Fake news story leads Trump supporters to call for boycott of Pepsi over comments the CEO never made https://t.co/ImQeXc66Qq pic.twitter.com/kOPEoNM1j6 — CNN (@CNN) November 17, 2016

Here are just a few fake stories that caught the attention of a massive amount of people: Donald Trump Protester Speaks Out: "I Was Paid $3,500 To Protest Trump's Rally," Denzel Washington Backs Trump in the Most Epic Way and The Clintons are Finished Forever After Dirty Picture LEAKS! (NSFW)

Facebook plays a big part of this. Facebook is a source of news for 30 percent of US adults. It's now a huge influencer in what's shared as news in the US.

Due to the promotion (algorithmically) of these fake news stories, they appear more frequently or at a higher ranking in your news feed when a person validates something you already expressed a strong belief about.

So, how do we stop fake news from being broadcasted? Well, we can't physically stop people from posting on the internet unless you vote against net neutrality.

You can, however, "let the market decide" and rely on supply and demand by simply checking your work and only sharing honest, valuable information.

How do you do this? Follow these steps in order to fact check what you're reading.  The world will thank you.

Check the author.

If the author has some credibility, he or she will have written something other than just one article.

Do a Google search on a person's name.  If you're looking at an academic article, check the writer against certain peer reviews in the Google Scholar section of Google search.

Also, type .edu or .gov to narrow the search down to only those type of sites.
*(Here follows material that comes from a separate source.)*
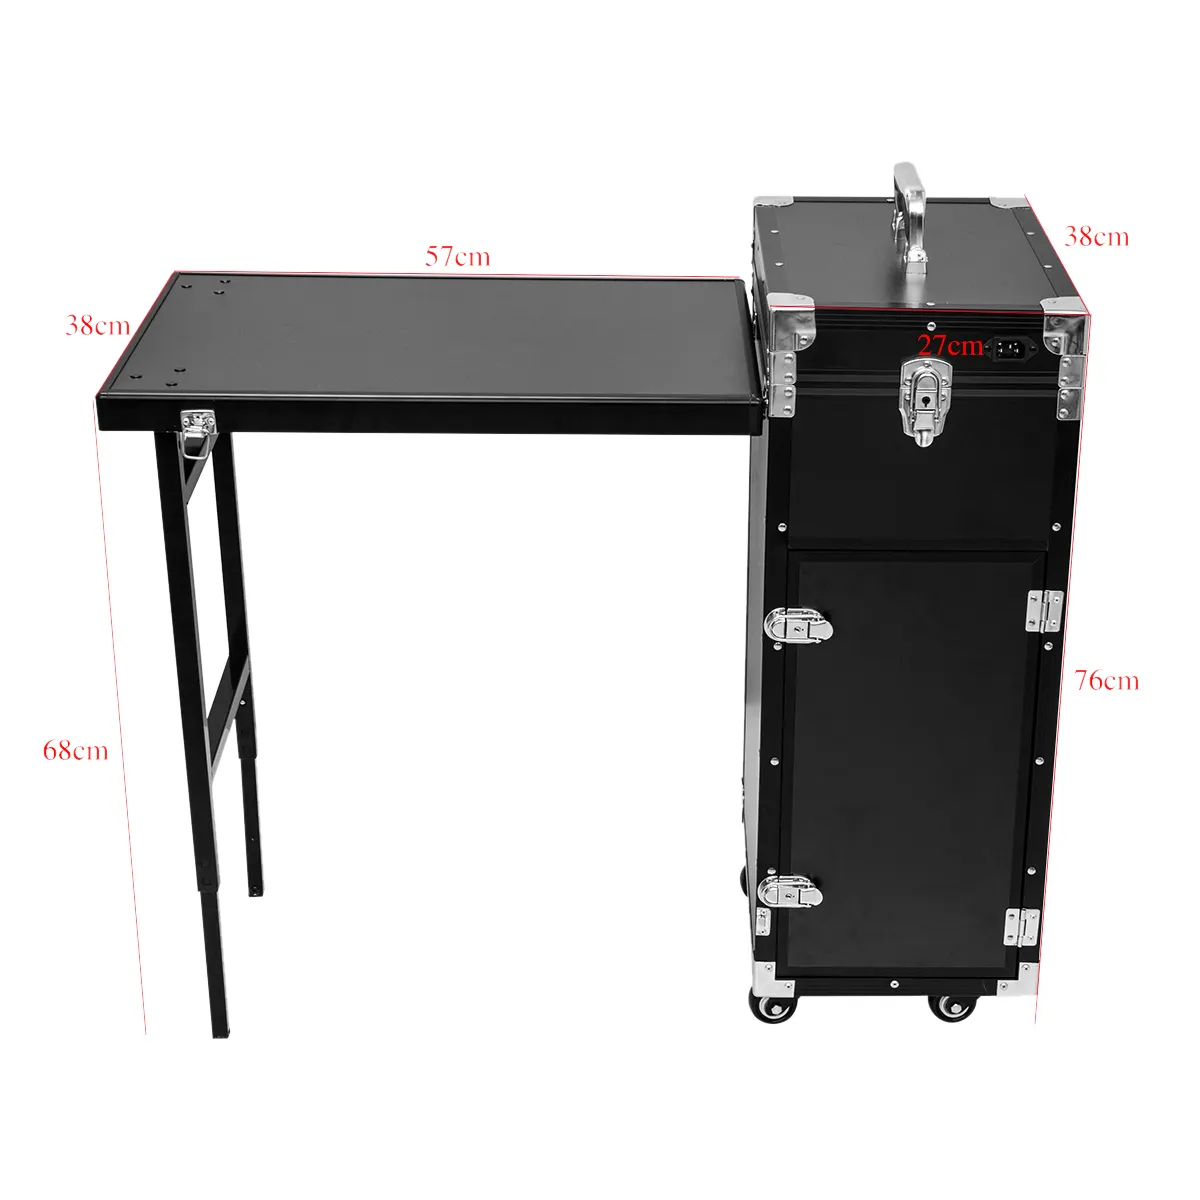 FAMA factory Multi-function Rolling Studio Makeup Case Manicure Train Table With Side Leg Mirror Train Table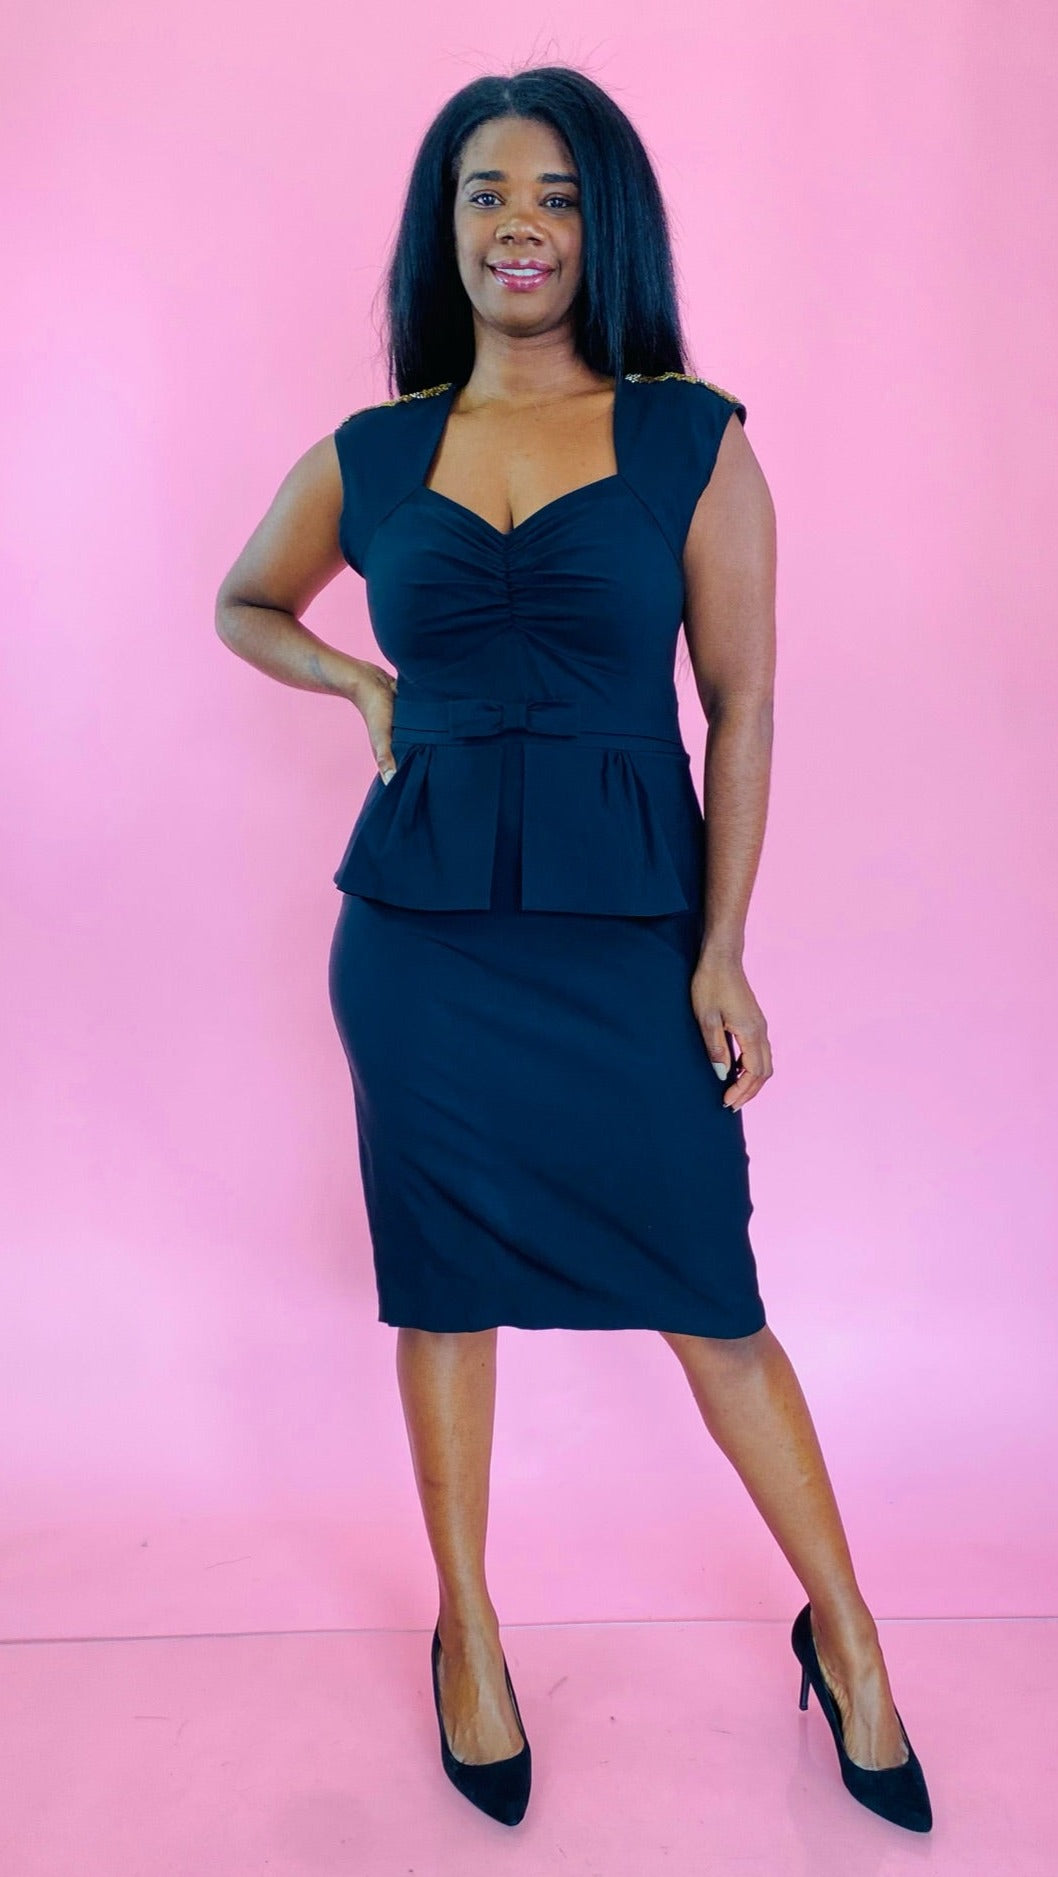 Full-body front view of a size 18 Stop Staring black peplum midi dress with square-sweetheart neckline, ruching at the bust, and a bow detail at the waist styled with black pumps on a size 10/12 model.

You can also put asterisks in the Google search (for example, "Mark Scott" *).

You can also check this person in academic databases such as EBSCO and JSTOR.

Check the publisher.

Use a reliable source to check the facts.  Just as you would look up how to spell a word in the Merriam-Webster Dictionary, look up the basis for the argument on reliable and credible sources.

Look at the site and who they sponsor.

If an article is promoting beef and it's sponsored by a beef company, you should be skeptical of its intentions.  Is this article being creative in its advertising or is this a legitimate claim?

Look for the information in other places.

Don't just rely on one source of information.  Make sure you can validate the information.

Check the websites above for validity or check the following sites to find quick results around a popular claim: factcheck.org and snopes.com/category/facts.

Actually read the article, don't just read the headline.

This is a no-brainer, but actually reading the article can reveal certain truths about what the person is trying to convey.  If the author leans heavy in a certain direction, or the argument seems to be a bit one-sided, that's probably not by coincidence.

Think before you post. (#TBYP)

TAYLOR SWIFT ENDORSED TRUMP! #TrumpWinsBecause pic.twitter.com/umoj6oBPfY — MADAME (@MagicRoyalty) November 8, 2016

No matter how juicy the story, think about how dumb you'll look if the rumors you're spreading are totally false.  For your own sake, please think before you link, share or type.